Es uno de los centros carcelarios más grandes del país. Su capacidad normal es para 2 500 internos, pero puede albergar hasta 4 mil. Desconozco cuánto personal ocupa, pero es probable que cuando el centro funcione a toda su capacidad, sean unos dos o tres mil empleados. Con facilidad pueden concentrarse allí más de cinco mil personas, es decir, más grande que muchos municipios y pueblos de Sonora. No me extrañaría que en torno al lugar comiencen a proliferar negocios y estanquillos que presten servicios a quienes vengan a visitar a los internos.

Ahora, cada vez que tomo la carretera que va hacia la Costa de Hermosillo me topo invariablemente con convoyes de soldados y automóviles blindados que transportan presos. Supongo que todavía no está lleno, pero por el ritmo de los traslados de presos, seguramente se va a llenar pronto. Según me informan, ahí se concentran presos traídos de diferentes partes del país, principalmente de Tamaulipas y todo el norte de México. También, que sus medidas de seguridad son rigurosas y que ahí no pueden darse ni fugas ni motines, ni existen los privilegios que se acostumbran en otras prisiones mexicanas.

Pero de lo que tomo nota es que se trata de una nueva actividad económica de la ciudad de Hermosillo y que significa también una nueva fuente de empleo. Esta actividad se llevó a cabo con discreción, de modo que no fuera a provocar el rechazo de la población local. De hecho, la mayoría de los hermosillenses no se ha percatado de este nuevo giro de actividad en la ciudad.

 

Hermosillo concentra las cárceles de Sonora

De acuerdo con la nota aparecida el lunes pasado, están ingresando más reos a las cárceles de Sonora (El Imparcial, 2 marzo). Los penales del estado tienen una capacidad para 8 500 reos, pero albergan a 12 248 internos, es decir, tienen una sobrepoblación de 50 por ciento. Pero, no se aclara que en esta población no se incluye a la del nuevo CEFERESO número 11. La población penitenciaria total del estado, sumando la del CEFERESO, es superior a esa cifra.
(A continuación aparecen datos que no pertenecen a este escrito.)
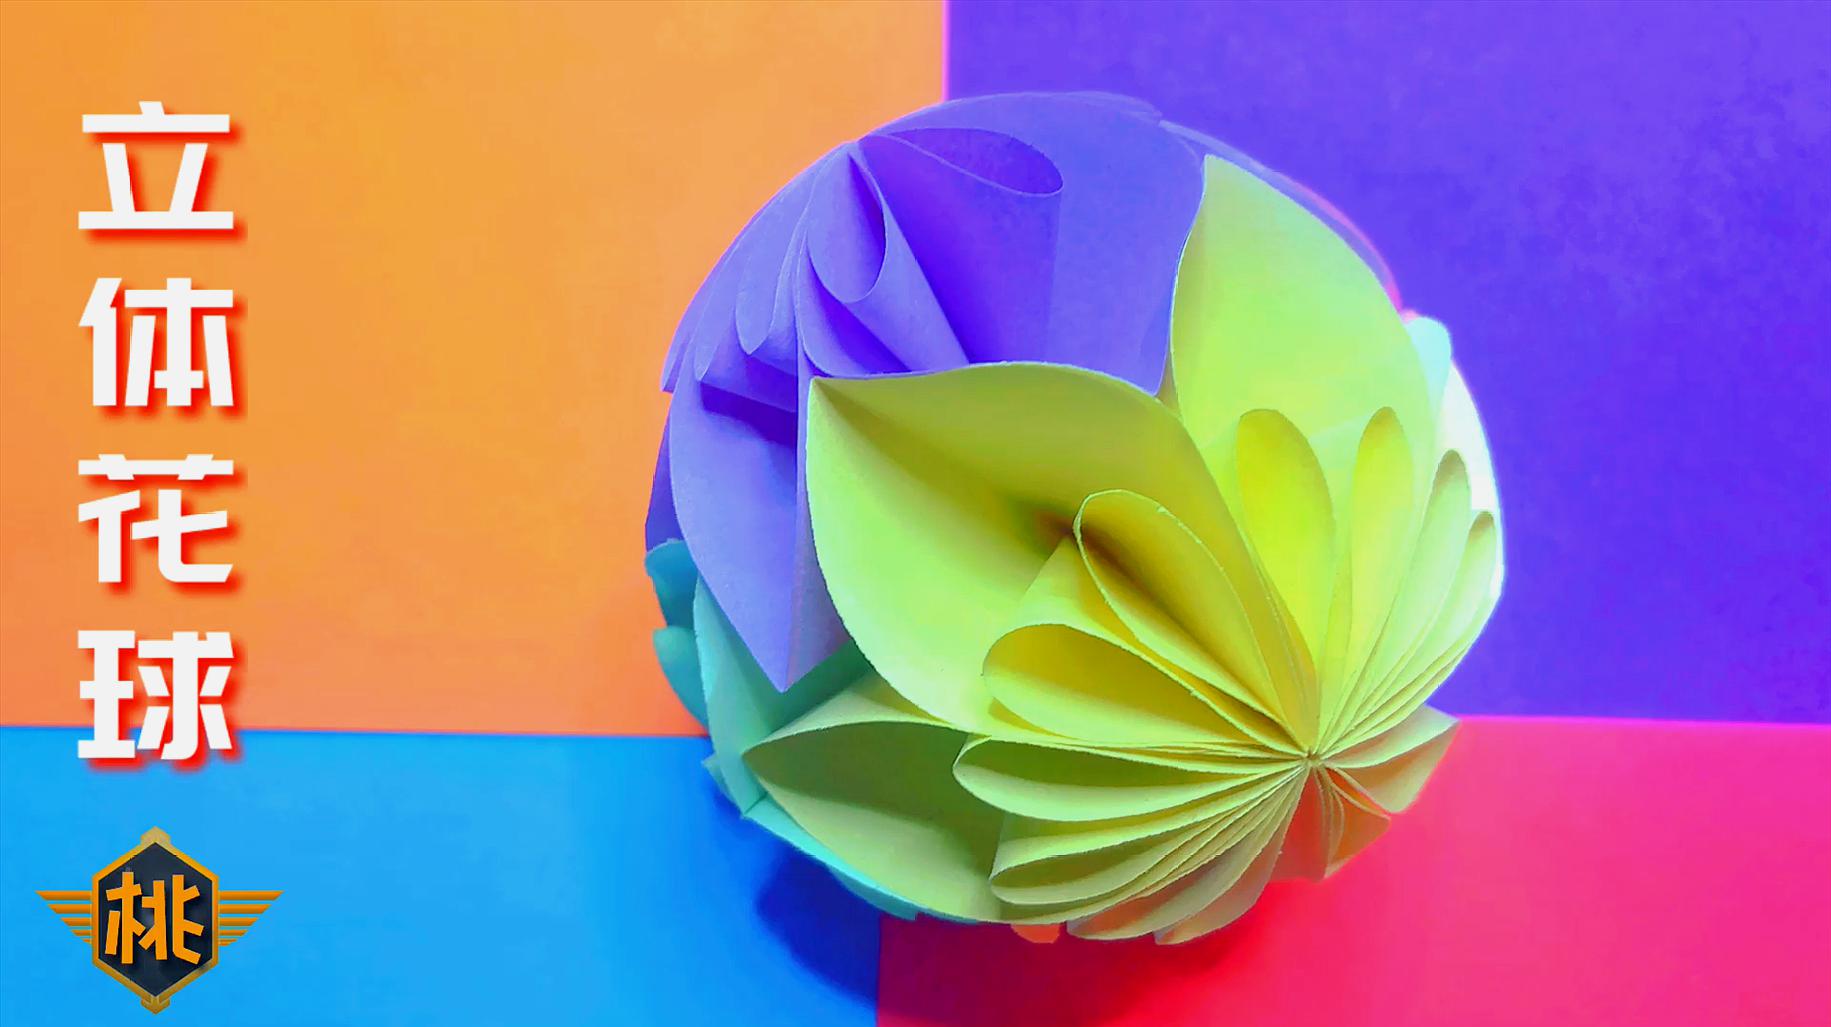 创意手工教程:超级漂亮的折纸立体花球,制作方法也很简单

Algo que refleja nuestra mentalidad centralista es que la mayoría de nuestros CERESOS, y sobre todo los más grandes, se concentran en la capital del estado. De los doce centros penitenciarios que tiene el estado de Sonora, Hermosillo concentra a los tres más grandes. El Cereso I que está junto a la presa, el II que está un poco más allá del aeropuerto y ahora el CEFERESO 11, ubicado a 40 kilómetros. O sea que de los 12 mil presos en cárceles estatales, 5 mil se ubican en Hermosillo. Más los que está agregando ahora el CEFERESO 11.
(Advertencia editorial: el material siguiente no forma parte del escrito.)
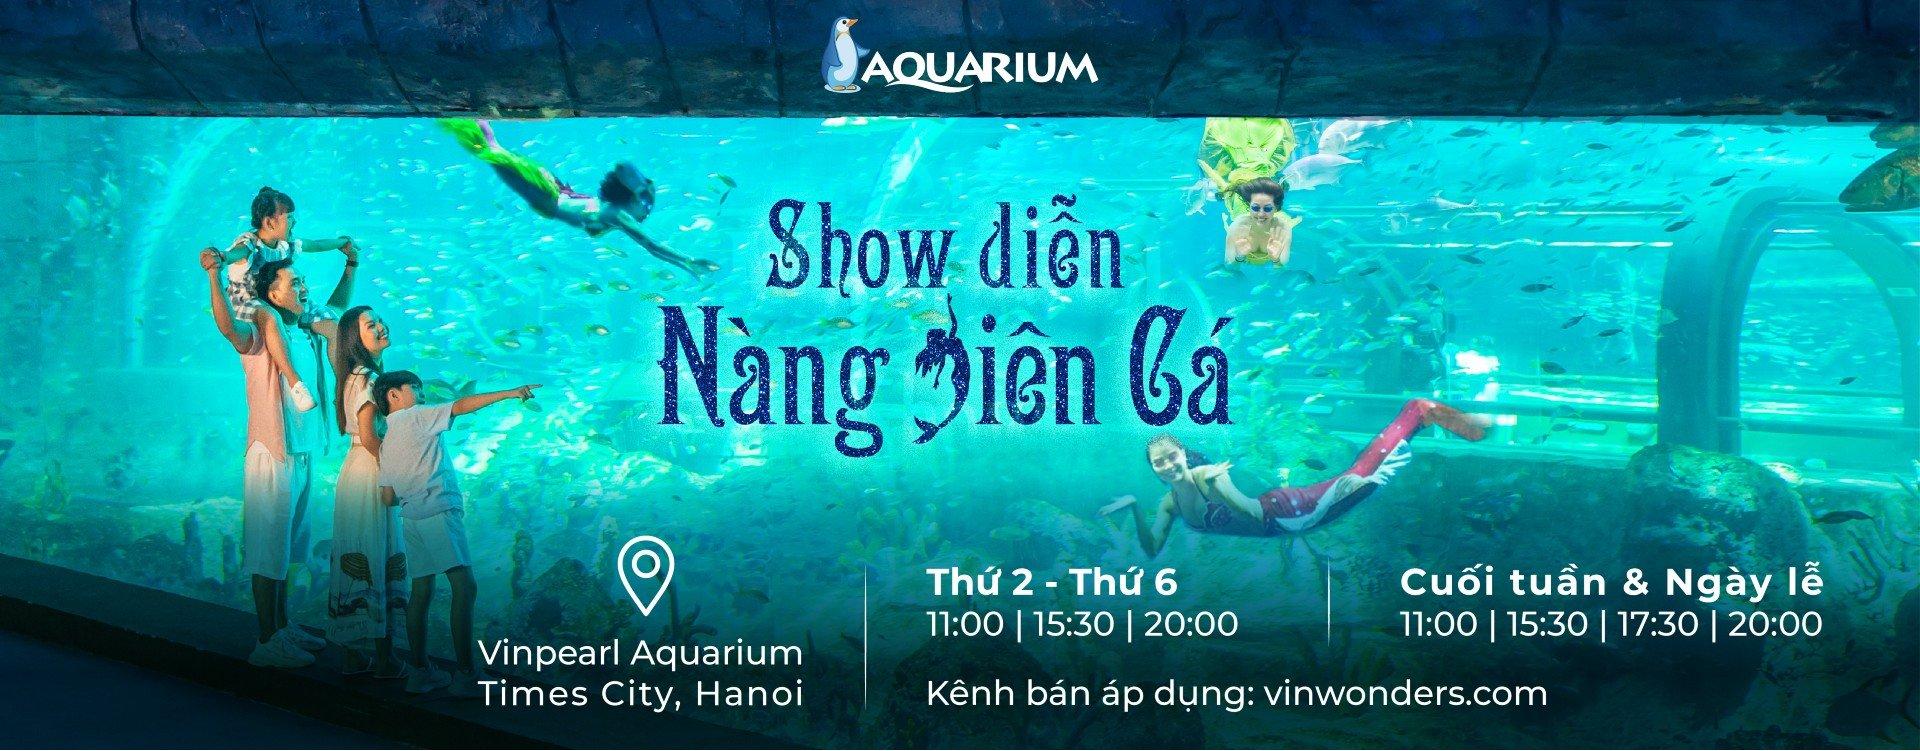 Review các khu vui chơi ở Hà Nội nổi tiếng nhất: giá vé, có gì hấp dẫn?

En el estado de Texas, que es el estado con más presos en los Estados Unidos, me llamaba la atención que las cárceles se ubicaban en regiones despobladas, muy lejos de las grandes ciudades. Sin embargo, aquí en México parece que las cárceles se tienen que concentrar en las ciudades capitales y cerca de las oficinas de gobierno. Dicen que tienen que estar cerca de los juzgados, pero me parece que esa no es razón suficiente.
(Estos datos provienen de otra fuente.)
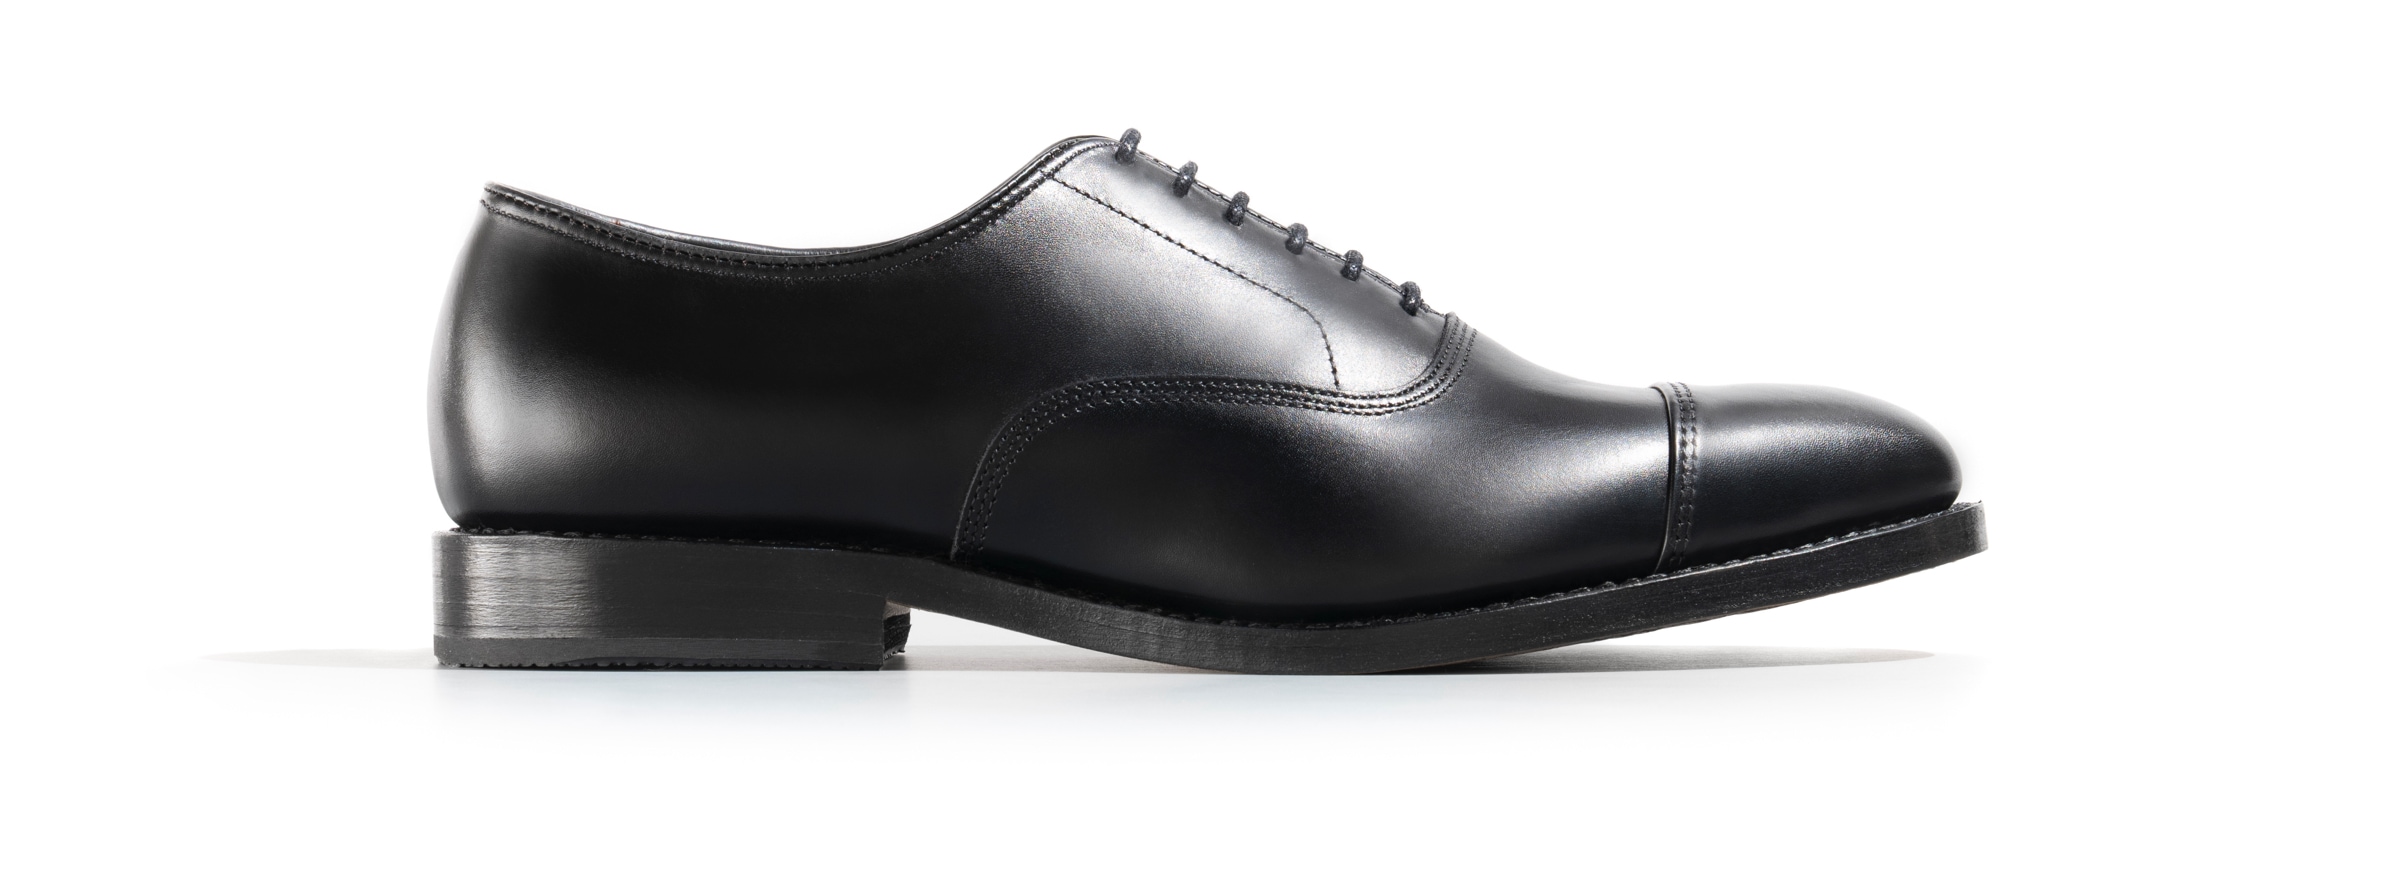 Men's Shoes | Dress, Casual, Boots & More | Allen Edmonds

Si las cárceles se ubicaran en poblaciones con poca actividad económica, como por ejemplo San Miguel de Horcasitas, Etchojoa, Álamos u otras localidades, servirían para crear empleos y reactivar la economía local. Pero no, la mentalidad centralista marca que deben de estar cerca de los centros de gobierno. Es así como Hermosillo, sin darnos mucha cuenta, se hace de un nuevo giro de actividad económica y es ahora también una ciudad carcelaria.